Sigismondo si reca nelle stanze di Giacomo e lo cerca in tutti i luoghi del castello, in ogni camera, nei nascondigli e nelle cave sotterranee. Il Perollo non si trova: è scomparso. Il Luna freme di rabbia, rimprovera aspramente i suoi soldati perché tanto si sono impegnati a saccheggiare durante la conquista del castello, da lasciarsi sfuggire il nemico dalle mani. Mentre Giacomo con il suo fidato servo, Andrea Carusello, sta per recarsi, attraverso viuzze recondite, da Luca Parisi, uno degli artiglieri della città che ha ricevuto molti benefici dal Perollo e perciò gli offre ospitalità, viene avvistato da Antonello Palermo il quale lo avvicina con faccia serena e bocca ridente, esclamando: «sia lodato Dio che vi siete salvato». Giacomo gli regala un pugno di scudi d’oro e gli risponde: «Se saprai tacere, proverai con che prodiga mano saprò ricompensare chi mi ha saputo beneficare». Il Carusello avrebbe voluto eliminare con una pugnalata lo scomodo testimone, ma Giacomo glielo impedisce in quanto non crede nell’ingratitudine del Palermo, anch’egli in più occasioni beneficato.
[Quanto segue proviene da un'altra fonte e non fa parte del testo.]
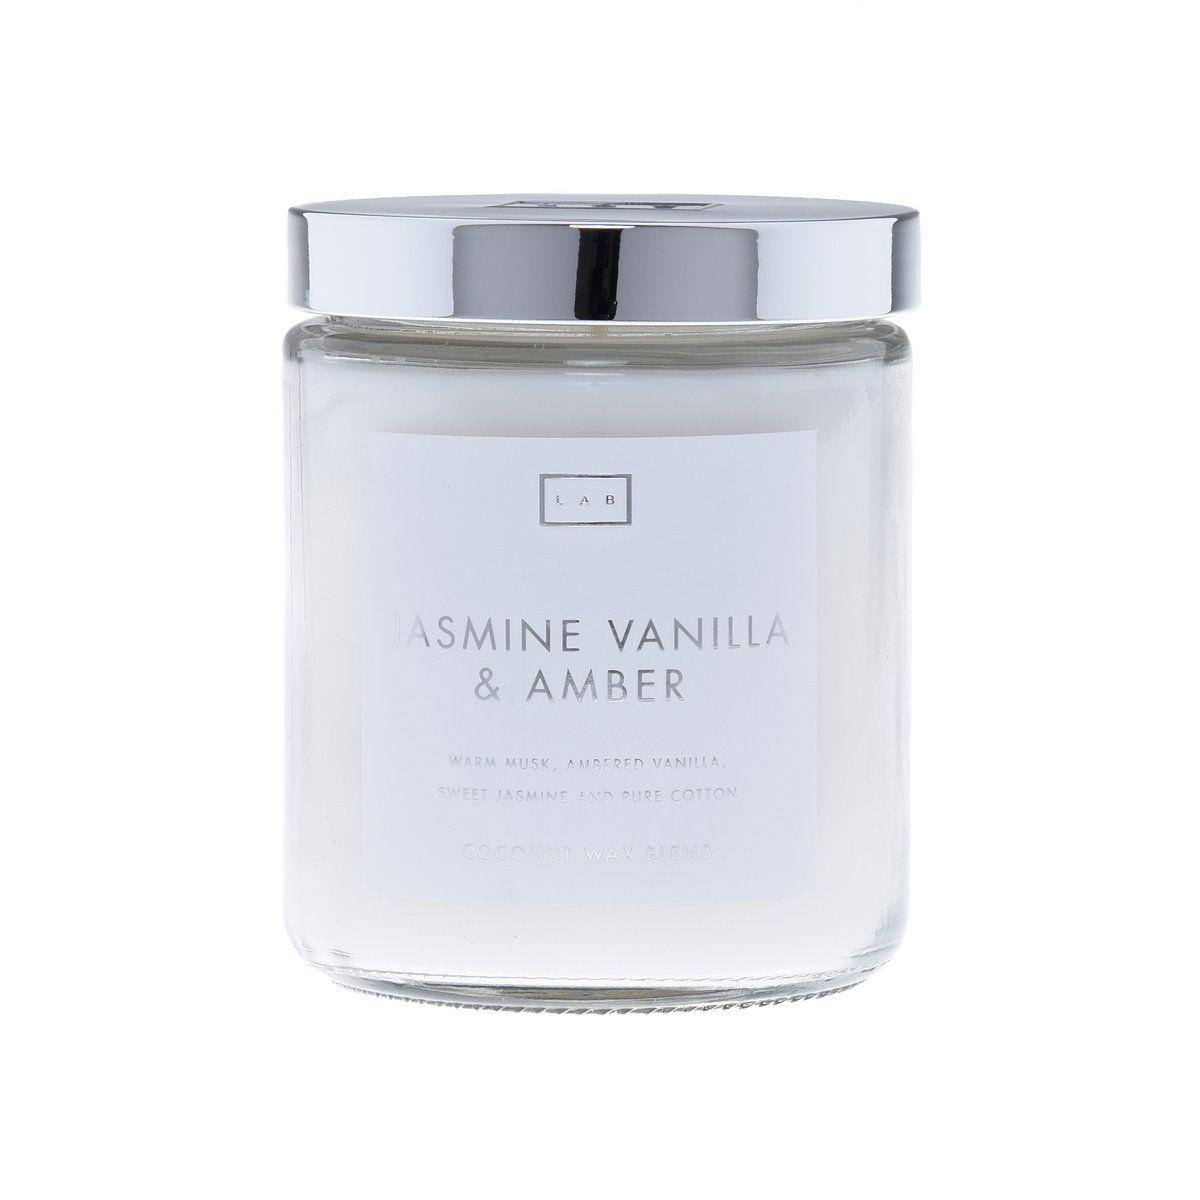 Jasmine vanilla amber labcandles vanilla amber jasmine

Invece costui si reca immediatamente da Sigismondo e con fare baldanzoso esclama: «Signore, non vi adirate con i vostri soldati, ho la lepre nella tana; venite con me e la consegnerò nelle vostre mani». Così la casa del Parisi viene circondata, la porta sfondata. Giacomo vistosi perduto, si rivolge al Carusello: «mio caro, non ti far sentire. Questa gente cerca solo me e quando mi avrà tra le mani non cercherà altro». Uscito allo scoperto, Giacomo si rivolge al Lauria, capo di quella ciurmaglia, gli regala una preziosa collana, togliendosela dal collo e lo prega di condurlo vivo alla presenza del
conte. Il Loria acconsente e si sono appena incamminati quando si avvicina il trapanese Giovanni Lipari, malfattore e uomo di barbari costumi il quale gli lancia volgari ingiurie e urla: «oggi hai da pagare tutto il male che hai fatto». Il Perollo risentito e ferito nella sua reputazione così prorompe coraggiosamente: «Taci, perfido villano, taci, non intrometterti nei fatti degli uomini grandi e sappi, vile mercenario, che a Sigismondo, per avermi nelle sue mani non è bastata la sua potenza, ma ha voluto l’aiuto di un misto di più congiurati, composto di ladri e uomini di mala vita come sei tu». A questo punto tutti si lanciano su Giacomo e lo colpiscono ripetutamente con furenti stoccate e non smettono di colpirlo fino a quando non stramazza, morto, sull’orlo del pozzo di san Martino. Usano poi sul corpo tutti quegli atti di crudeltà che avrebbero fatto arrossire i più crudeli tiranni: ne strappano la carne a morsi, ne bevono il sangue. Così termina la sua vita il ventitré luglio alle ore ventidue dell’anno 1529 Giacomo Perollo, barone di Pandolfina e regio Portulano della città di Sciacca, illustre per lo splendore dei suoi antenati e per le sue gloriose azioni. Alle insolite grida di quei festanti carnefici esce il Luna e, visto il cadavere del suo peggiore nemico, raggiante di ferocia, fissando gli occhi in quelle ferite, da cui sgorgano ancora tiepidi rivi di sangue, dà chiaramente a vedere che mai ai suoi occhi si era mostrato spettacolo più gradito. Poi, atteggiato il volto ad una contegnosa severità grida: «Muoiano i nostri nemici, viva l’imperatore». È assai lieto Sigismondo per la morte di Giacomo e non avendo potuto sfogare tutto il suo odio contro di lui vivo, lo sfoga contro il suo corpo morto. Ordina dunque che gli venga portato un indomito cavallo e fatto legare alla sua coda quel cadavere straziato, lo fa trascinare per le principali strade della città, seguendolo egli stesso a cavallo, vestito di armi
bianche, insieme a tutti i nobili e al resto della sua gente. Il cadavere di Giacomo rimane per tutto il giorno seguente senza che nessuno osi avvicinarlo e dargli sepoltura: orrendo esempio dell’instabilità della fortuna umana, per cui imputridisce a terra, lacerato, imbrattato di sangue e di polvere colui che poco prima per la sua potenza e ricchezza era rispettato, ossequiato e temuto non solo in Sciacca ma in tutta la Sicilia.
Ancora oggi nei pressi del Castelvecchio alcuni sostengono di vedere il fantasma del barone, prematuramente morto, che si aggira senza pace tra le rovine, in cerca di nemici da atterrare, ululando al cielo.